I refer to the extent to which our everyday interactions with the world seem designed to remind women that they live on sufferance. Think of the office colleague who talks to your breasts, or the co-passenger who sidles closer and closer until his hairy arm runs the entire length of yours; the service provider who demands 'extra' because your sense of vulnerability can be milked for money, or the one who insists on speaking to your male partner when you're in the middle of an argument. With every such instance from which we find ourselves forced to 'move on' comes a cumulative recognition: that our imagined freedoms are tightly circumscribed by boundaries not of our making.

It must already be apparent to you that Pink has a strong political message, and it isn't one that a popular Hindi film has ever delivered with such unexpurgated zeal or clarity. Navdeep Singh's NH10 and Pawan Kripalani's Phobia both gave us a sense of women under siege, using different generic registers of horror. In the case of Pink, the ideological content is more sledgehammer (mostly drilled into us by Amitabh Bachchan's finicky, posh-accented, bipolar lawyer Deepak Sehgal). But by splicing the sense of everyday violation together with a tense, thriller-like plot, Pink ensures that even the most uninterested viewer will not be bored.

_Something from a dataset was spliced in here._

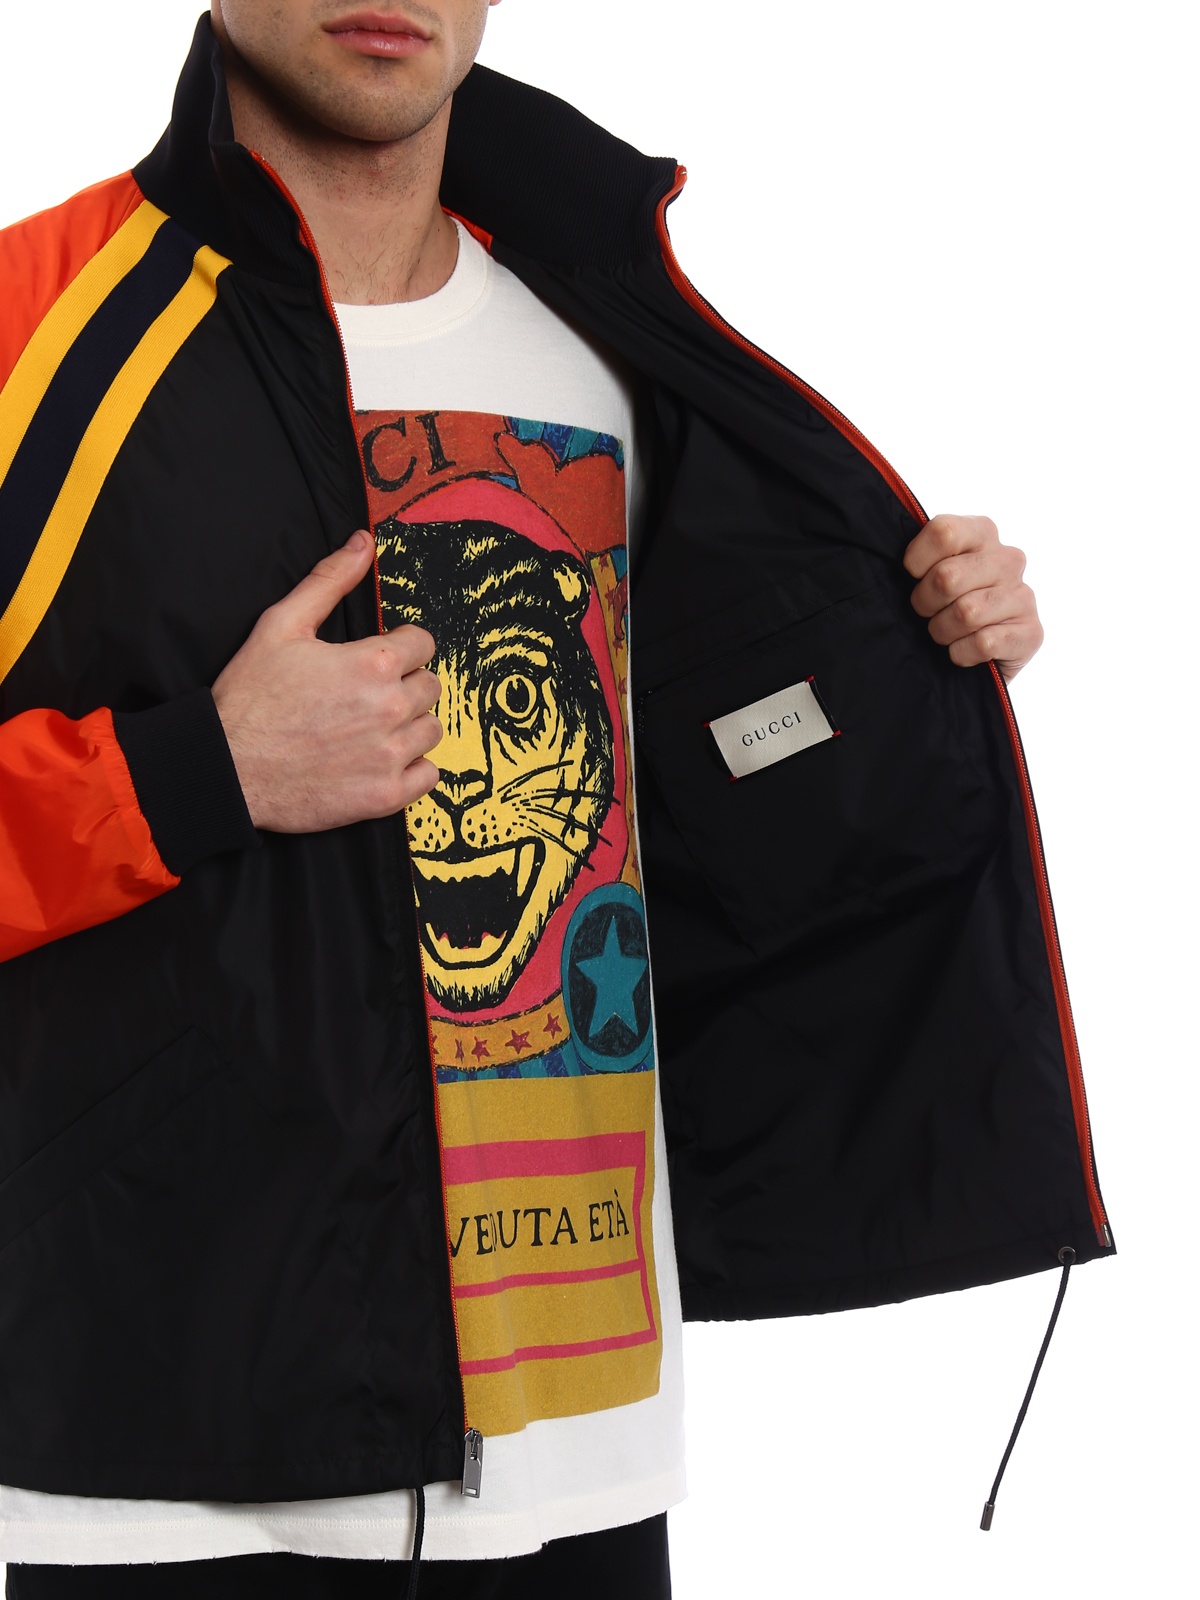 b3809f4a8fed Gucci - Black and orange nylon jacket - casual jackets - 500958Z707C1565

In an astute storytelling move, the incident around which Pink's plot revolves is never given to us as a whole. Like the 'public' within the film — the nosy neighbours who come out to comment when the police appear in their mohalla, or the finger-pointing boys who refer to it as "woh Suraj Kund kaand" — we piece it together, from snatches of conversation and CCTV footage, from a melting pot of gossip and rumour, police files and court testimony.

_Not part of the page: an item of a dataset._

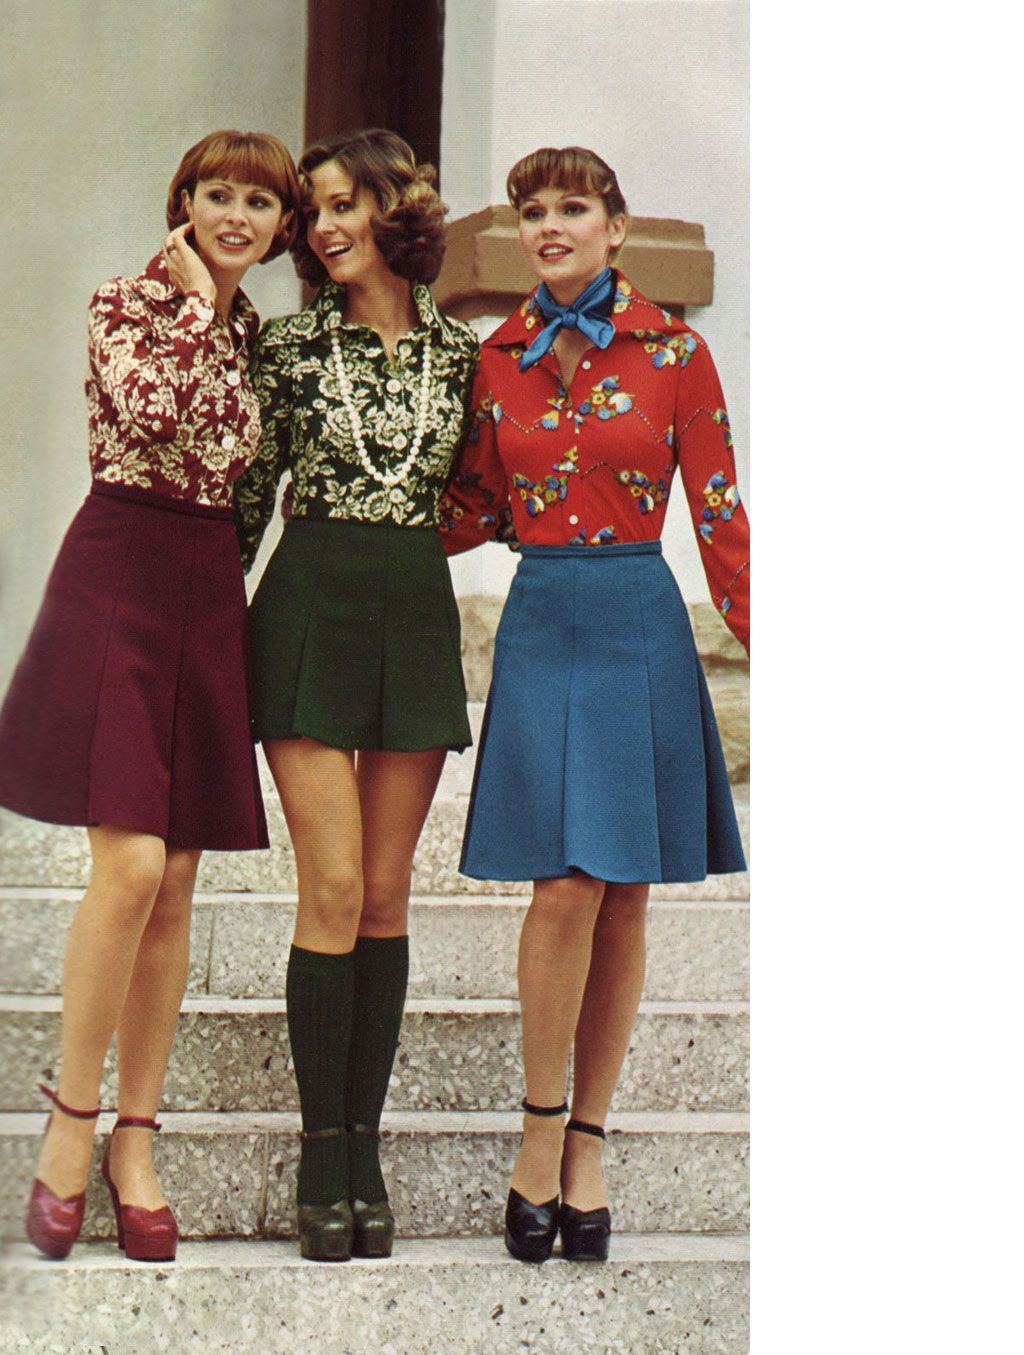 Pin by Sue Curtsinger on funky vibes  8s fashion, Retro fashion

Not only does this cinematic technique serve to keep us on our toes, it is also a sharp and subversive way to make us realise how we often arrive at conclusions about events that we have not personally witnessed — based on age-old prejudices and stereotypes about class and gender and morality, aided by the fresh daily grinding of the rumour mill.

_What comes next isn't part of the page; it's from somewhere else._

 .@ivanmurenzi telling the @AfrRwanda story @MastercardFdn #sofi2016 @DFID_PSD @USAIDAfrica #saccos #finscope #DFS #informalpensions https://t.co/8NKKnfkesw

There have been other Indian films that have dealt with the public and private aftermath of sexual assault — I think of the 1978 Ghar, in which Vinod Mehra plays the emotionally paralysed husband to Rekha's post-rape traumatised wife, or of Rituparno Ghosh's superb Dahan, in which, too, a young housewife must suffer the consequences of a sexual assault on the street during which her husband was present but unable to help her.

Unlike those films, Pink pushes the ongoing debate about sexual consent to its utmost, by focusing on women who do not fit easily into the popular idea of good girls. The three young women who form the film's tightly-knit core — Kirti Kulhari as Falak, Andrea Tariang as Andrea and Pannu as Minal — are neither innocent and virginal, nor the good wives of ostensibly good men on whose behalf a male audience might feel outraged. They are youthful, independent women who have chosen to live outside the "protection" of their families; they remain daughters and sisters, yes, but are also employees, friends and lovers. They enjoy a drink (or three), they enter freely into relationships with men they like; and they are not easy to slot as victims — because they fight back. By forcing us to contend with these characters in their flawed humanity, Pink shifts the cinematic discourse.

And yet, what are we to make of the fact that the answer to these young women's problems — even in the space of this quite remarkable film — must come from a man, and not just any man but the one who spent the first part of the film intruding so rudely into their space, played by an actor who is the film industry's undisputed patriarch? And though Bachchan's unnerving man from the park turns out to be a saviour in disguise, his 'saving' involves an unnecessarily public recounting of his client's sexual history. Surely there's something to think about there.


Published in Mumbai Mirror, 18 Sep 2016.